透明なトレイの中に、白い小さなビーズが敷きつめられている。手にすくってみるとさらさらした感じの、ちょっと気持ちいい「砂」だ。そしてその上にはいくつかの石が置かれている。ピンとくると思うけど、「石庭」のイメージだ。竜安寺の石庭は砂と石によって水の風景を再現したわけだけど、ここでも、それをおこなっているのだ。


 さっき、「砂」を手ですくうっていったけど、これをすると、チャポチャポというような水音が聞える。石を動かしてみる(ビーズの上を投げるように滑らせる)と、ポチャンという水音が聞こえる。

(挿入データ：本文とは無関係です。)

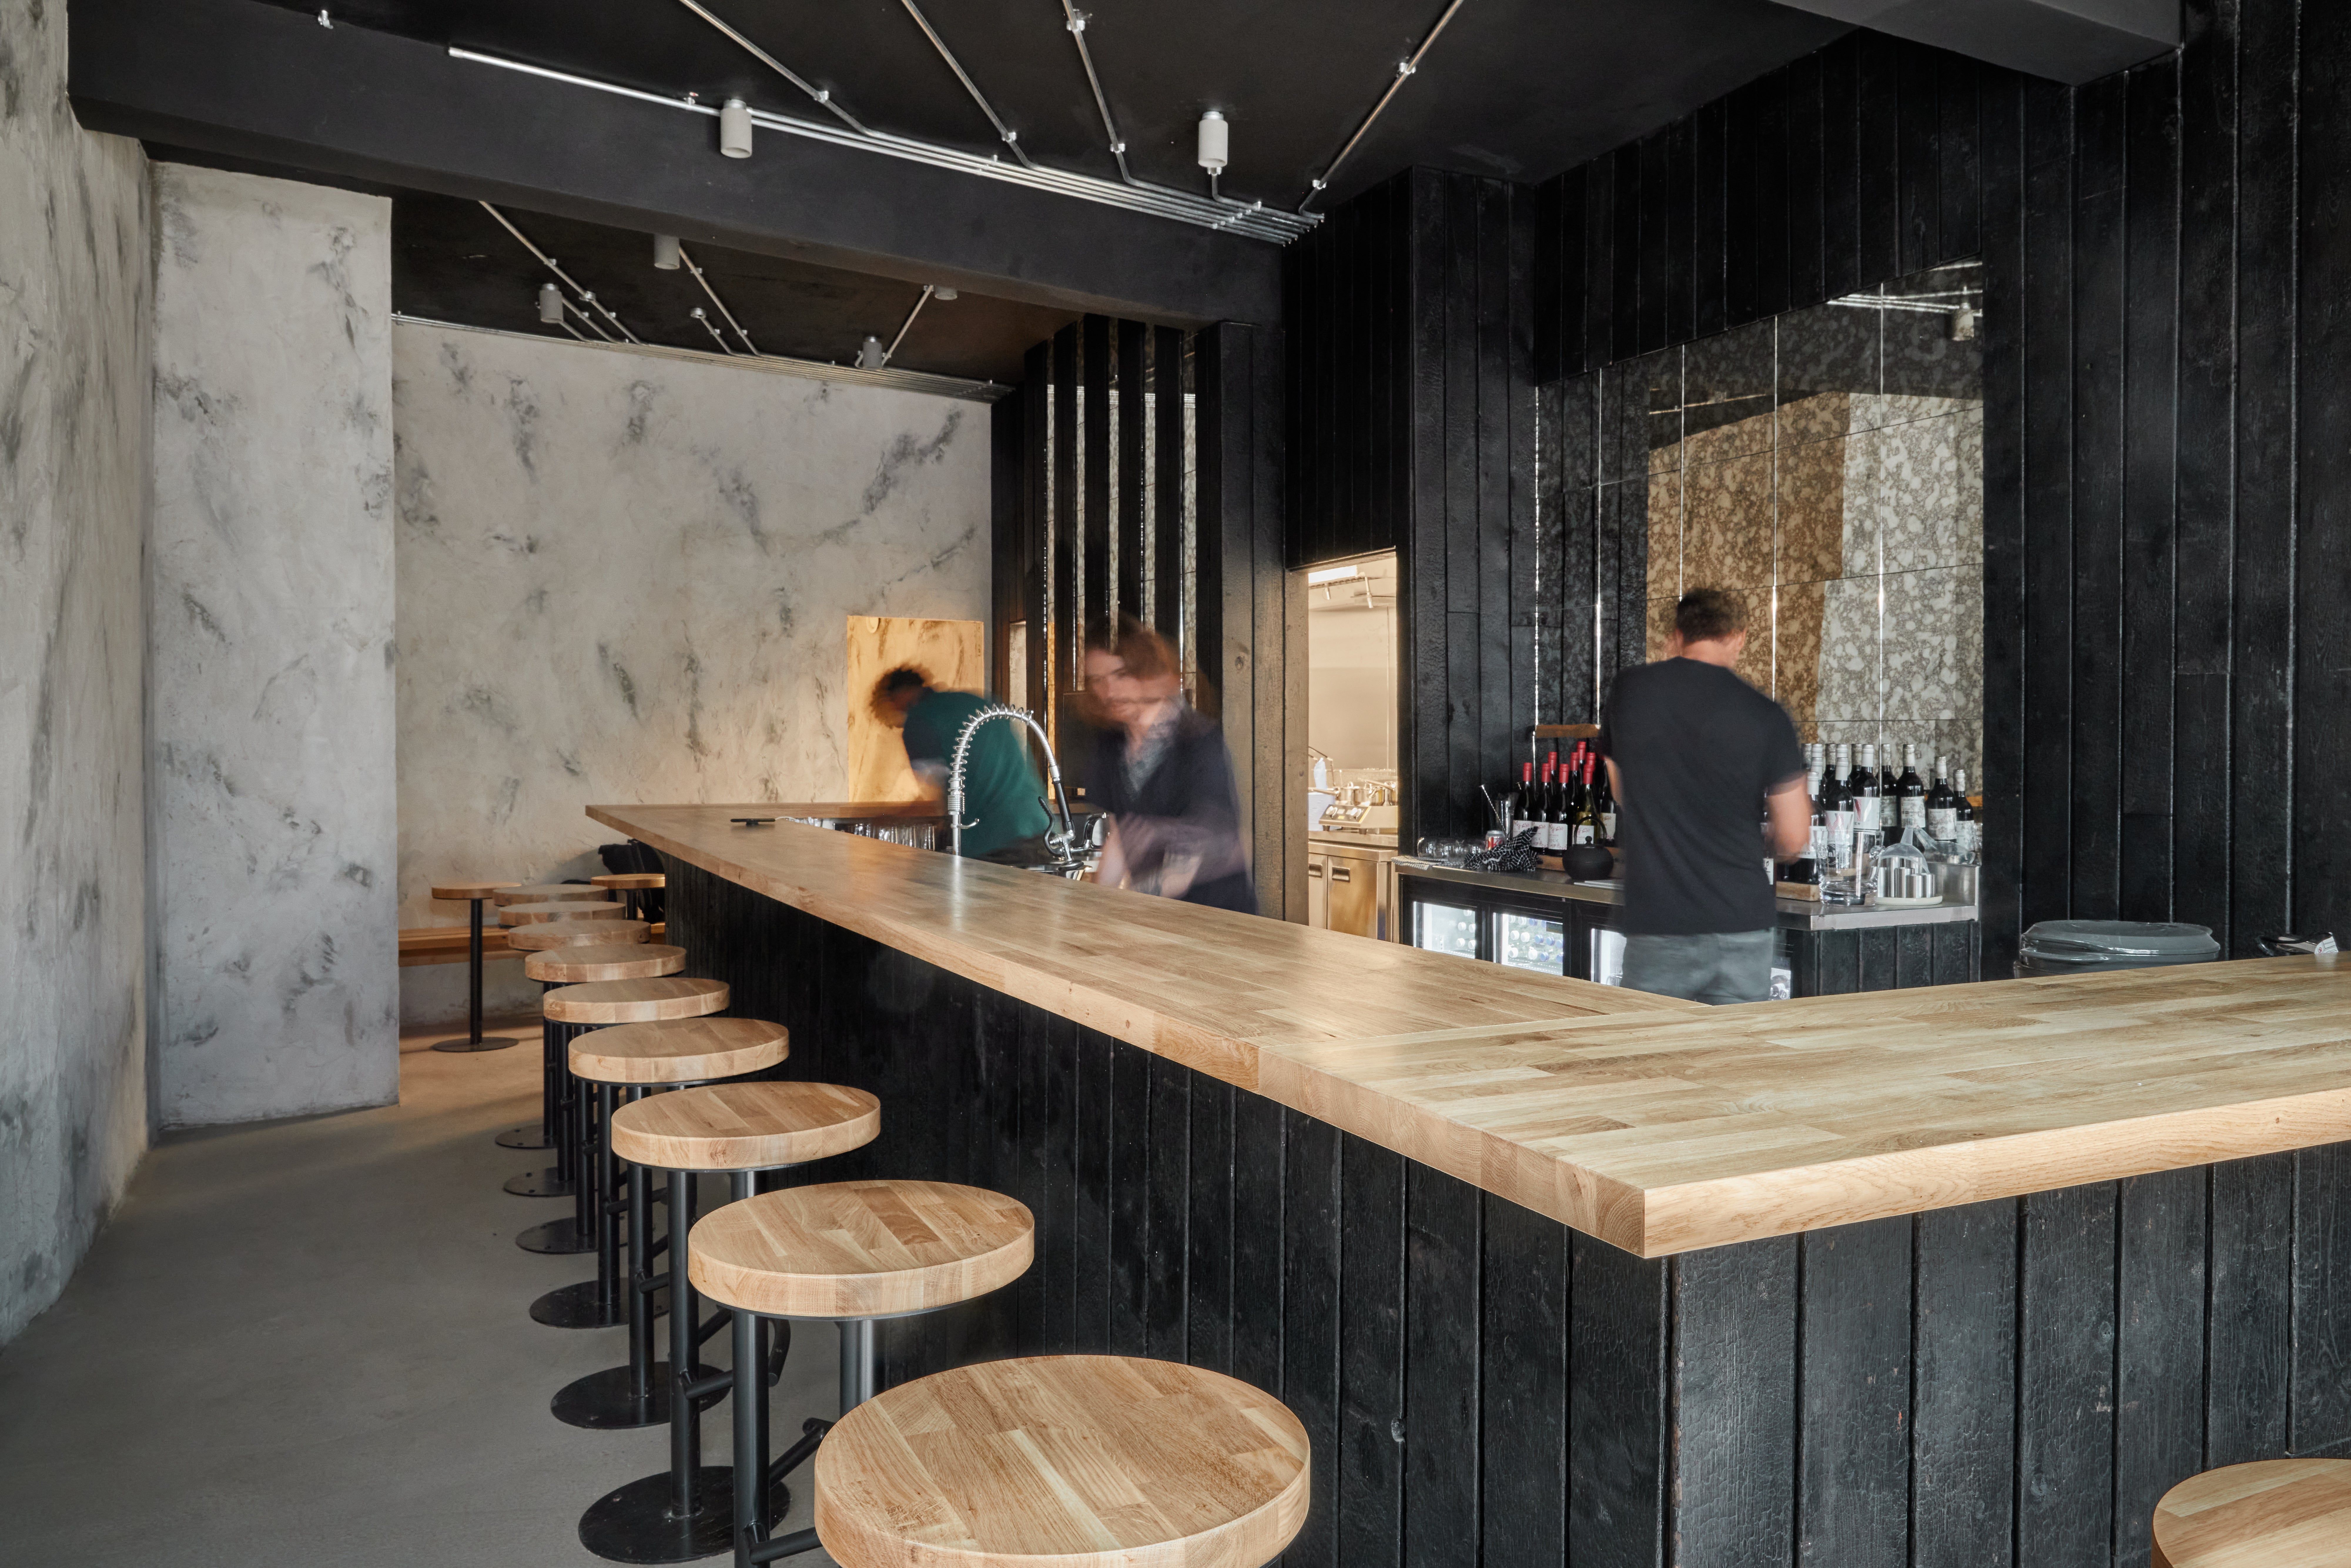 The counter-style seating echoes the style of Japanese restaurants found in New Zealand

 これだけ。これだけなんだけど、気持ちいい。しばらくチャポチャポ遊んでしまった。で、どうもこれは“あそこ”の匂いがするとおもったら、やっぱりそうだった。慶應義塾大学の湘南藤沢キャンパス(SFC)から出てきたものなのだ*7

 作成された大和田健人さんと塚田浩二さんにお話を伺ったのだけど、まず、触ってもらうというところからはじまったらしい。触ってもらうなら砂だ。砂、石庭、水。そういうイメージ。

 バーチャルリアリティっていう視点で見ると、これいじっているのは聴覚だけなのだ。視覚も触覚も現実そのまんま。そこに、それにあわせた水音をさせているだけ。それだけなんだけど、それでもう現実のビーズと石とは違うイメージが喚起されちゃう。効率がいいのかぜいたくなのかよくわかんないけど、視覚や聴覚を総動員するVRものとはかなりタイプが違う。

 もっとも「産業用」バーチャルリアリティ展への出展物としては、いまひとつ「それでなに?」とか言われちゃうらしい。まぁこれはしかたない。なにより、これはあんなにぎやかな会場なんかじゃなくて、どっかのロビーみたいなところにさり気なく置かれるべきものなのだ。なんとなくホテルのロビーとかにあって、予備知識なしに石をいじったらポチャンって音がしたら、ちょっといいよね。

 野暮な話なんだけど、仕組みもいちおう。石や手の動きは、トレイの真下に上向きに置かれたカメラが影を撮影することで検知している。これだけだと、石と手の区別がつかないので、トレイに貼りつけられた接触マイクが動きの音を拾うことで、これは石だな、これは手だなとわかるようになっている。あとは、その情報に合わせて水音をさせるというわけだ。

おまけ

 体を使ったデモの風景ふたつ。


動画はここ

 ルミエールの「MANDARA」(既報はここ)を使ったキーパーゲームの実演。

 わたしもやらしてもらったけど、息が切れた。疲れますねっていったら「リハビリにも使われるんですよ」と切り返されてしまった。


動画はここ

 スパイスのモーションキャプチャー「GYPSY3」のデモ。このおねえさんが、踊りまくっているのがなかなかすごい。


*6今年の大会は11月29〜30日に岐阜で開かれる。それに先立って、東京で予選大会が9月18ー19日に開かれるのだそうだ。
*7これこれ参照。この大和田さんは「座」の常盤さんと席を並べてらしたのだそうだ。